Carlisle Floyd fireside chat provides some insight for outsiders

This past Saturday, the Tulsa Opera hosted “An Evening With Carlisle Floyd” at TU’s Lorton Performance Center. Floyd is hailed as the “Father of Modern Opera” and is well known for works such as “Susannah” and an operatic version of “Of Mice and Men.”

“Of Mice and Men” was featured at the Tulsa Opera this weekend, so Floyd’s appearance at the LPC was particularly poignant for local opera fans.

“An Evening With Carlisle Floyd” consisted of a classic fireside chat setup, with two plush chairs placed side-by-side onstage. One was intended for Floyd himself, while the other was occupied by Rich Fisher, General Manager of Public Radio Tulsa and the evening’s moderator.

I must confess that, having no background knowledge about American opera, I had little understanding of Mr. Floyd’s contributions to the field.

For this reason, I was a little taken aback when he walked onstage and was almost immediately greeted with a standing ovation. Whether this was due to the effects of his works or just the affections of over-zealous opera lovers I can’t say for sure, but it certainly struck me as notable.

Fisher moderated the conversation in a conversational, friendly way while still keeping pace with a series of well-placed questions about Floyd’s work, his background, his composing methods and the inspirations that led to some of his greatest works.

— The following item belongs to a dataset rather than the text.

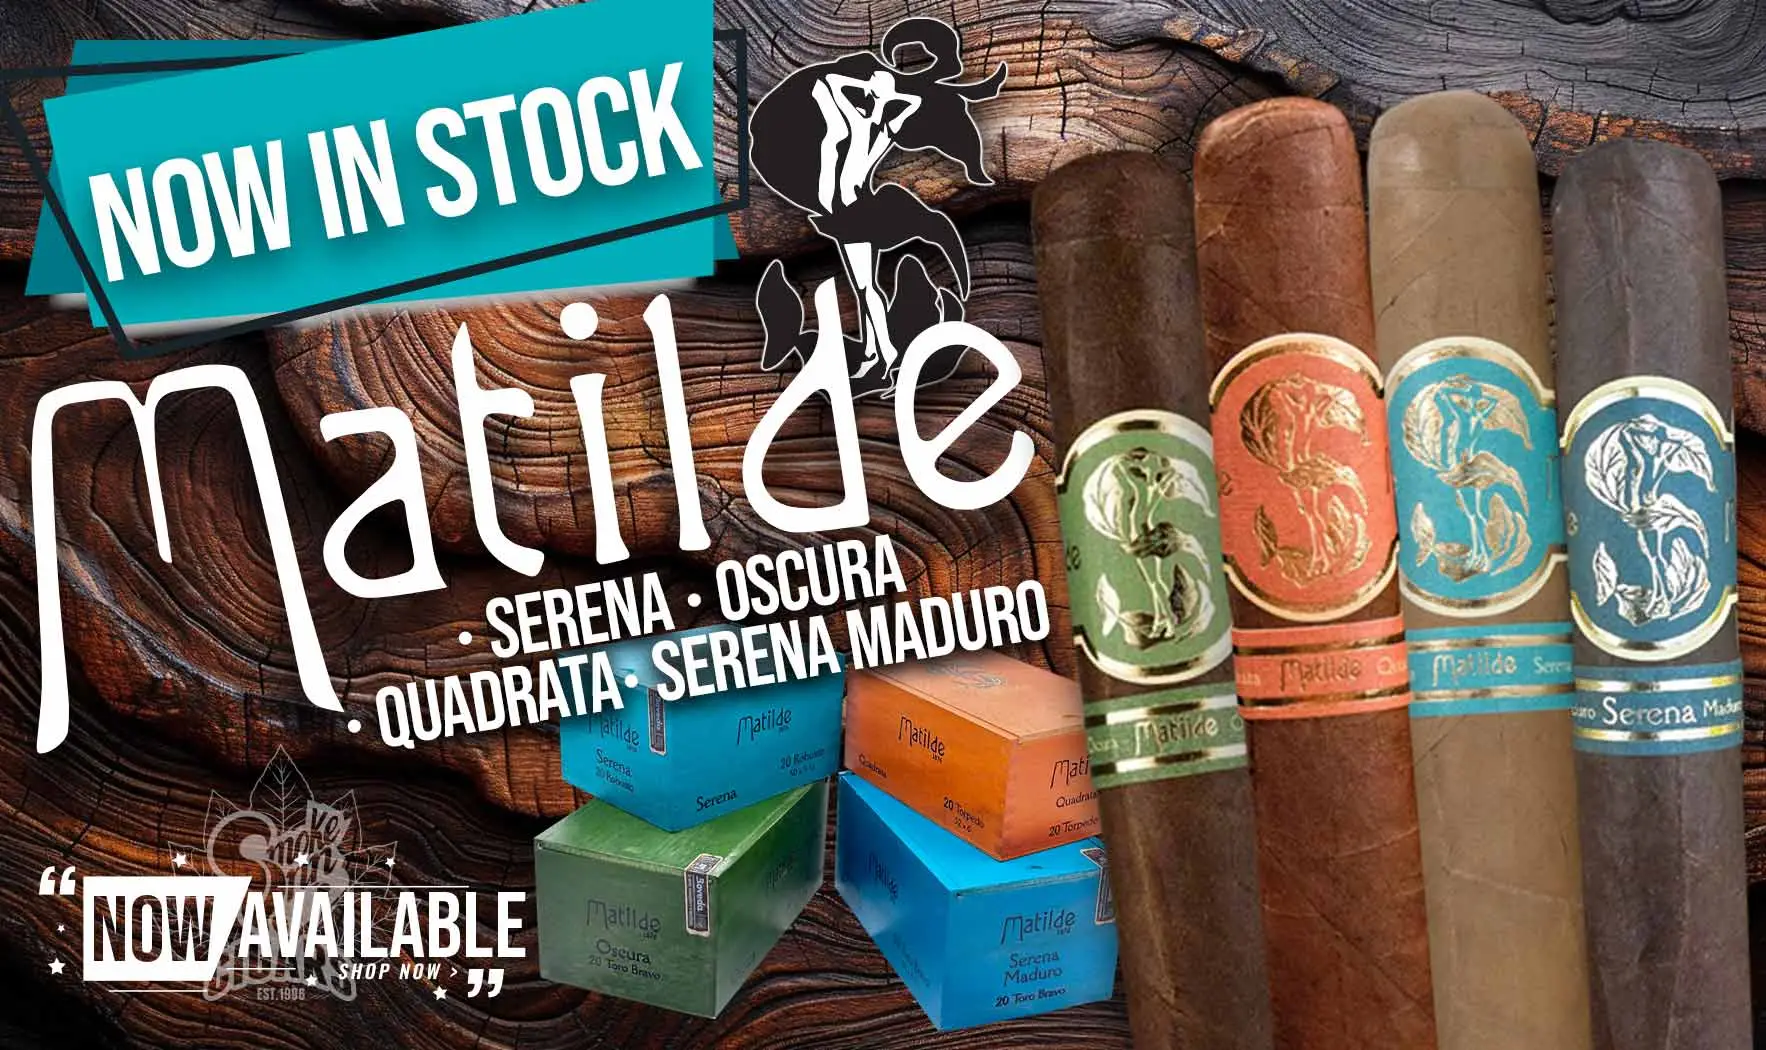 Matilde Cigars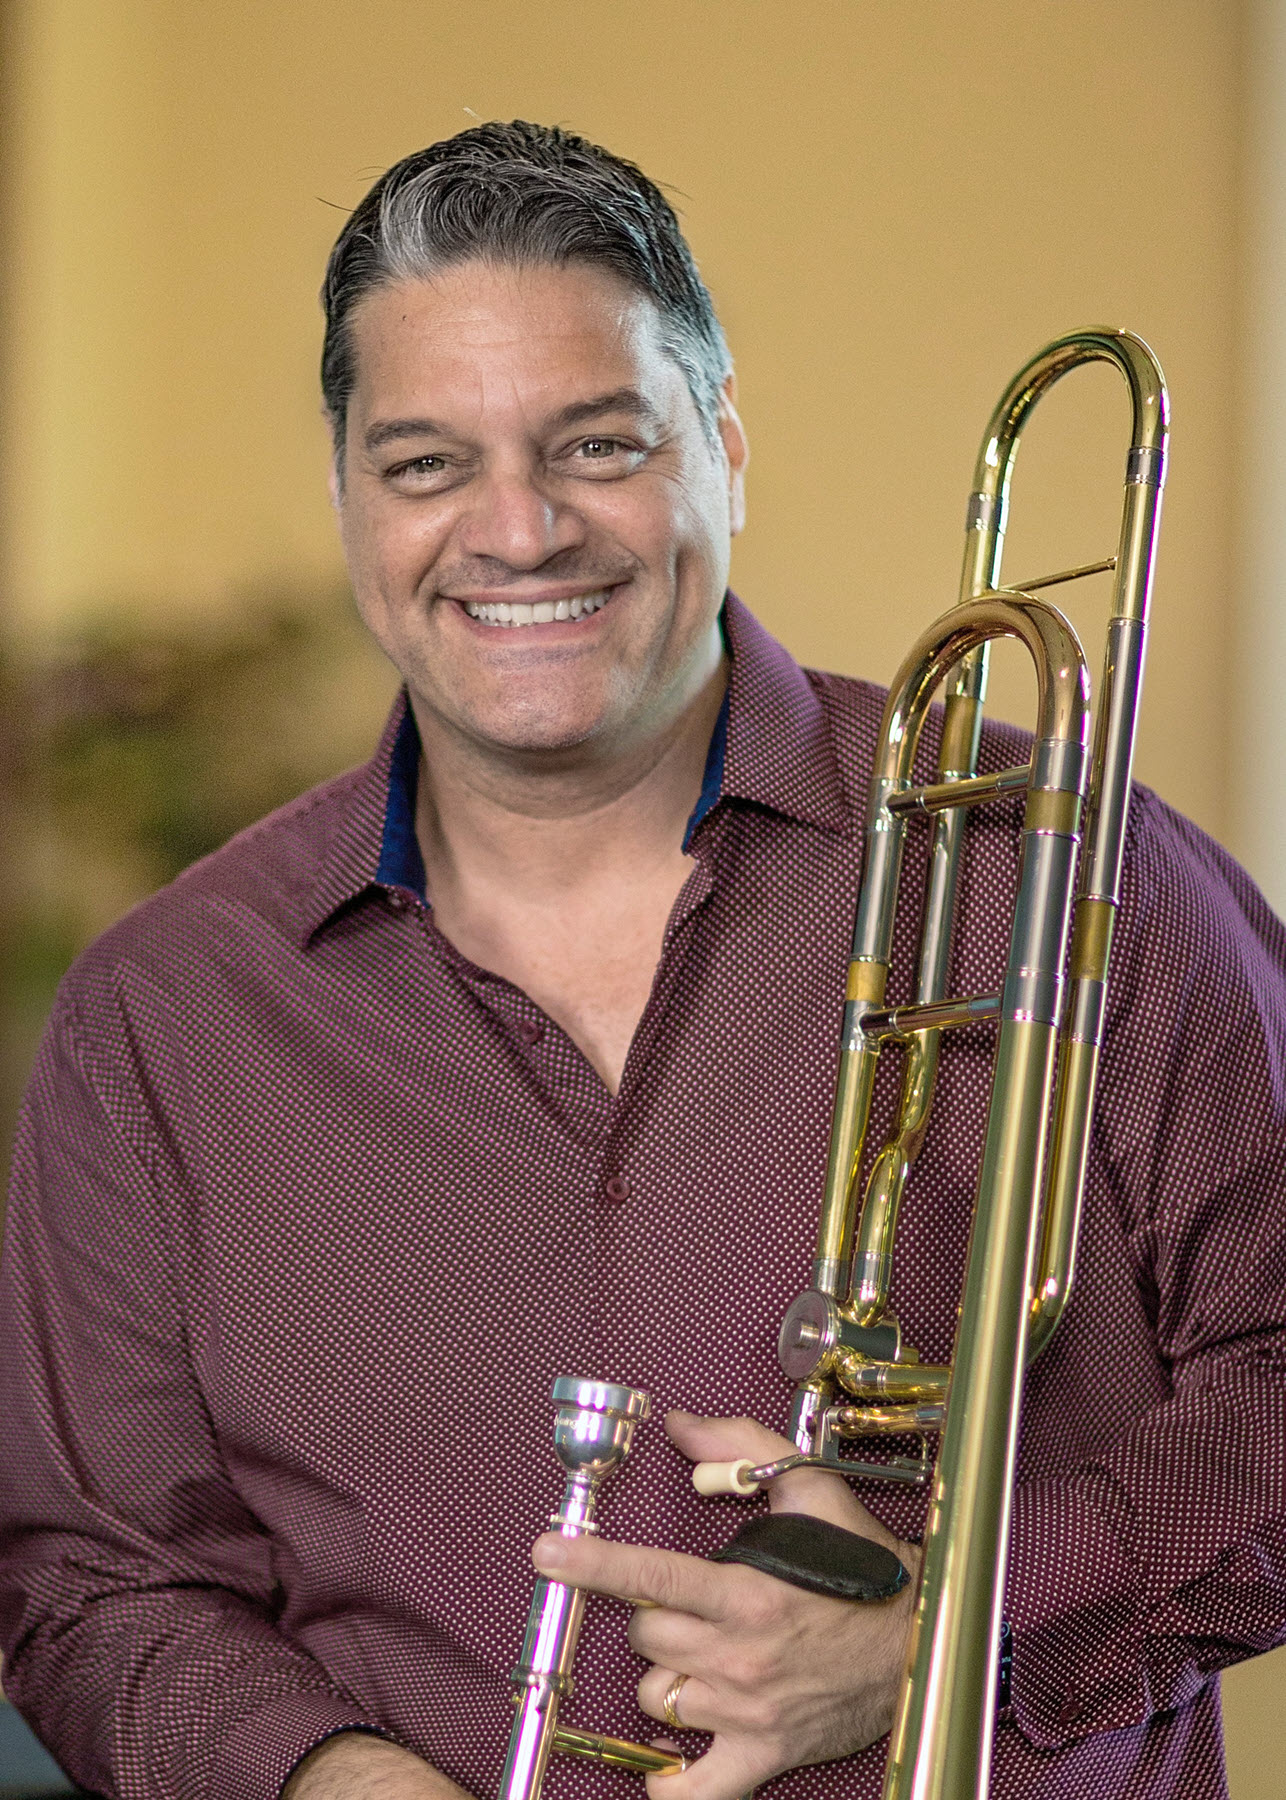 Headshot of smiling man holding a trombone.

While Floyd is an adept storyteller and engaging speaker, I did find that the conversation was a bit dry at first simply because it was (unsurprisingly) directed at those who already had a fairly extensive knowledge of his life and works. The purpose of the talk was not to inform but rather to extrapolate on the nuances of Floyd’s work in a personal manner.

Floyd is notable for two outstanding traits in his work: First, his commitment to a unique brand of purely American opera, and second, his tendency to both compose and write the libretto (the words or script) for his operas. Usually, a composer and a librettist will work together to create an opera; Floyd is both.

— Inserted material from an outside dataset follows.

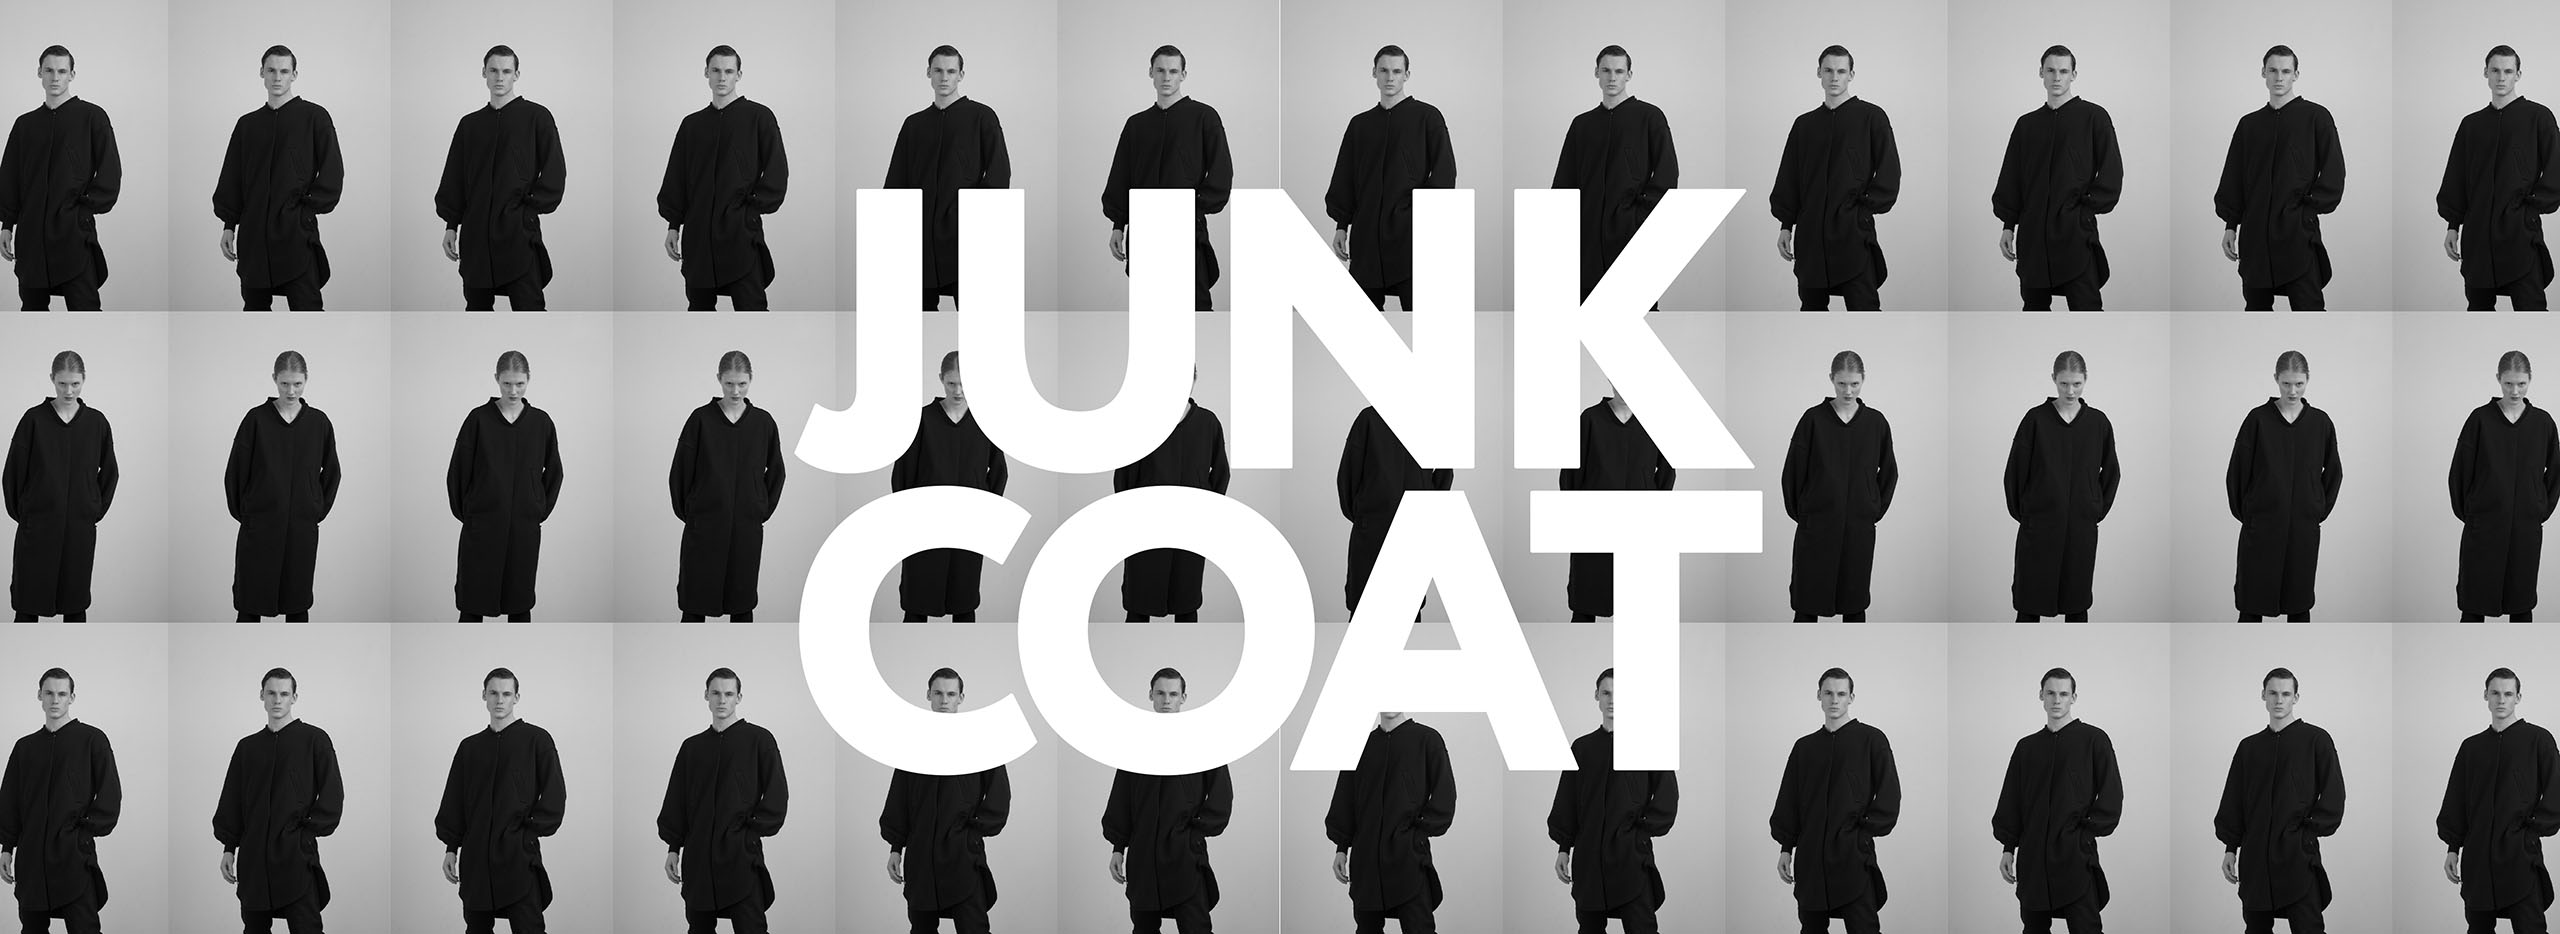 junk-coat-banner

The discussion became particularly engaging when it was turned toward political and social commentary in his works. Though Floyd stated that he never consciously chose to feature politically controversial themes in his operas, he admits that his works are influenced by the time periods in which they are based.

Born in 1926, Floyd has lived through most major developments in 20th century America, and I thought it was fascinating to hear the voices of poignant American issues in his timeline of works—for example, traces of McCarthyism in “Susannah” and the plight of migrant workers in “Of Mice and Men.”

The evening also featured performances of some of Floyd’s work by the Tulsa Opera Studio and Tulsa Youth Opera.

To be perfectly honest, I’m still not sure what I thought of it—I am by no means an opera expert, but it struck me as very strange compared to the perfectly timed symmetrical grace of classical European opera. Floyd’s music was instead discordant and haunting, with a lilting and almost disconcerting medley of melodies.

In conclusion, “An Evening With Carlisle Floyd” may have meant more to an avid opera fan than it did to myself. That said, it was still an enjoyable experience and an opportunity to learn about one of the most poignant voices in American opera.